Next, I used the DWORD crunching because I didn't want to make a bunch a special states for each type of function you can get from an input device. If did do it that way, I would have separate actions defined for all types of controls. That seams pointless to me because I can just use MAKEDWORD(), HIWORD() and LOHWORD with a single DWORD and get all the information with only use one type of function. Much like the way a message procedure handles these things.

You said that actions only worked with menus??? I never said that, what I said was that you have to configure the actions in a menu, but all actions work regardless. This is the same thing as you described "specially designed menu system".
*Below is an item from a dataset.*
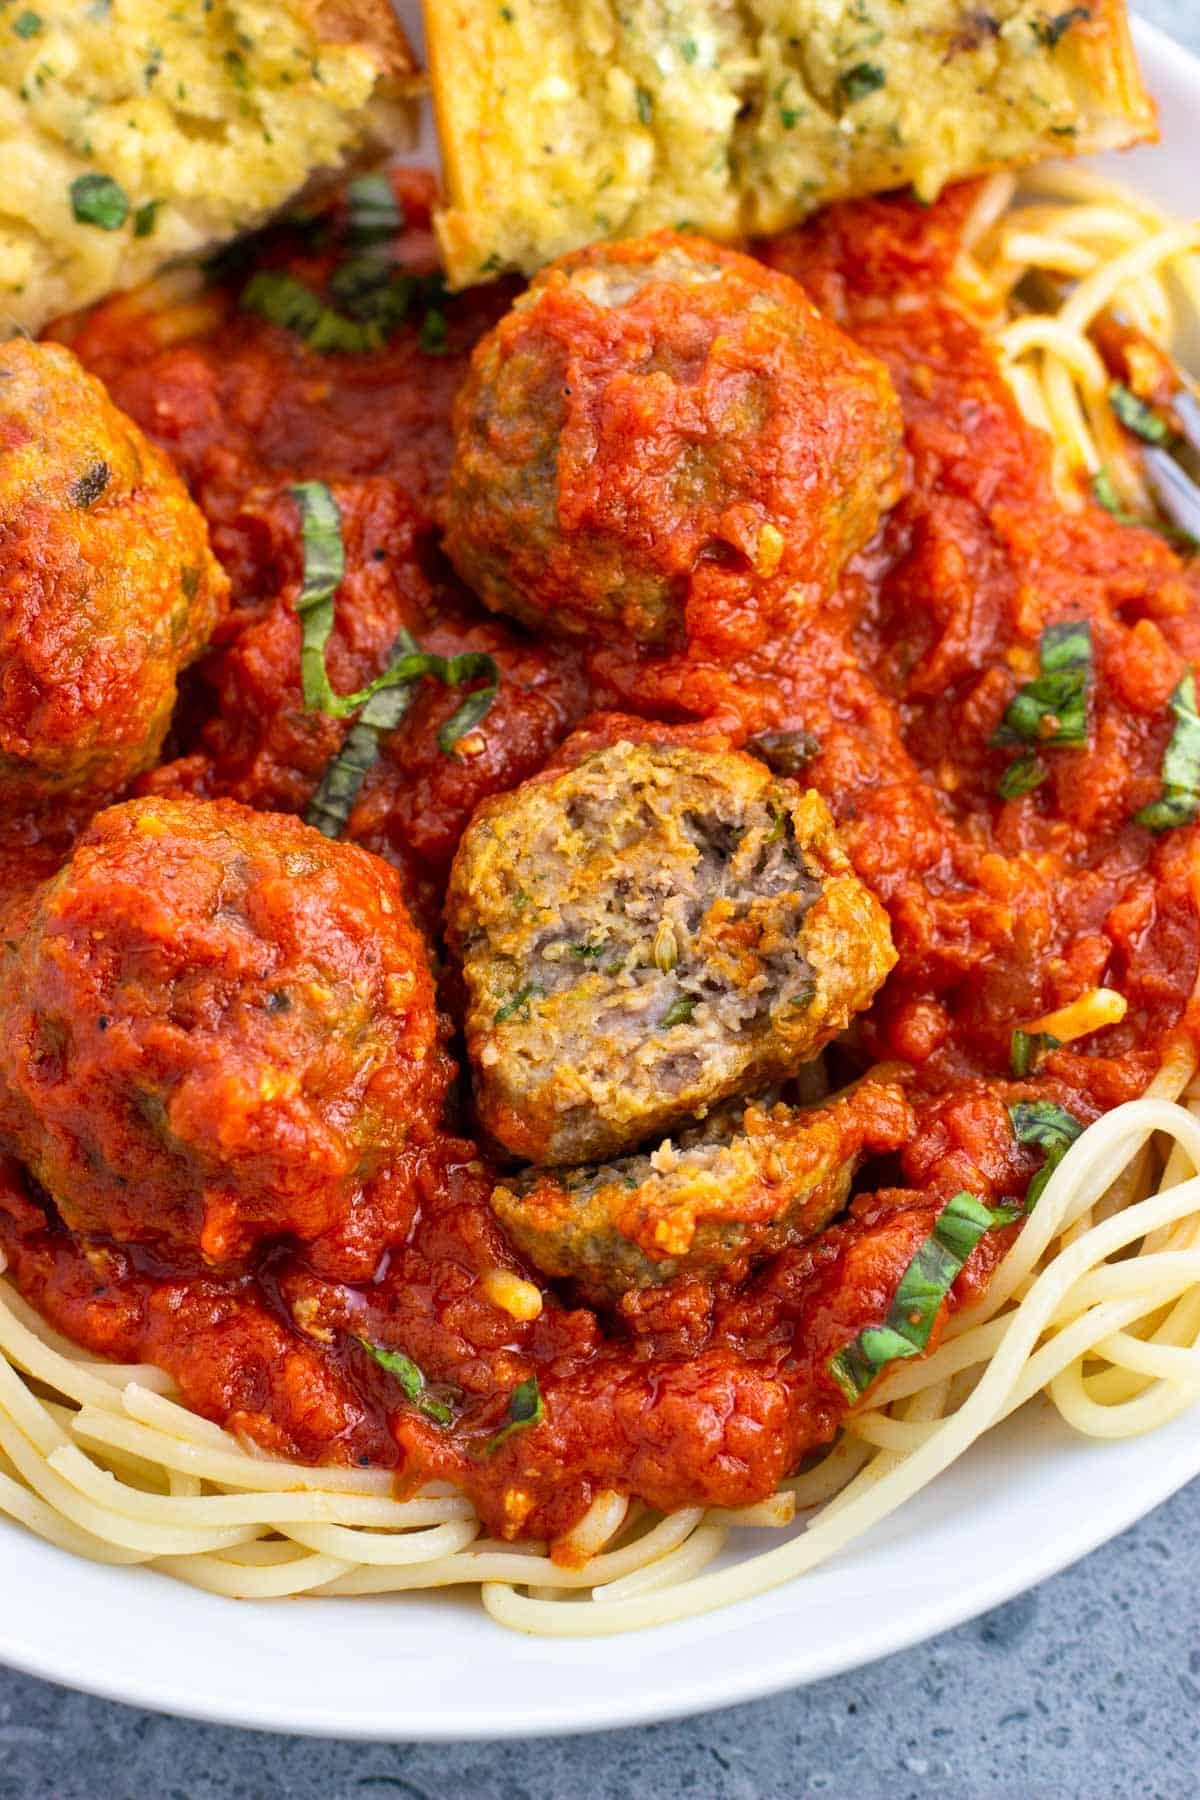 A bowl of spaghetti and meatballs with one meatball cut in half.

I think mine is a little better because I don't have so many IDs for things. Each device attached to the system is enumerated. Next, mapping is enabled for those devices if the user chooses to use them. If they do want to use those devices, then they just configure them and save the configuration so they don't have to keep configuring it all the time.

Any ways, each device has it's own set of action maps. Not every control is mapped an list of only the maps the user specified, the device has. Each time the input is updated, each VALID does...

1. ) Scan for input
2. ) Start with first action map list element
3. ) Read control data specified by action map
4. ) Call the action function if needed.
5. ) Move onto the next action in the list
6. ) Done!

I'm thinking that I don't even need the DWORD thing really. I can just use an int or something and have separate functions for moving left, right and what not and just use the int parameter as an offset. What I'm trying to do is not have a bunch of function types for things and use just one time. Most of the input is pretty much the same. Like, mouse coordinates are given by offset from the center screen position. Like wise, axis or POV coordinates are given in offsets from 0.

I was thinking about using a special class that is half abstract. Half abstract because some accessory functions are implemented but a process input method would be pure virtual. This way I could derive state classes that contain their own data and special implementation that handles things and the input gets sent to it each frame.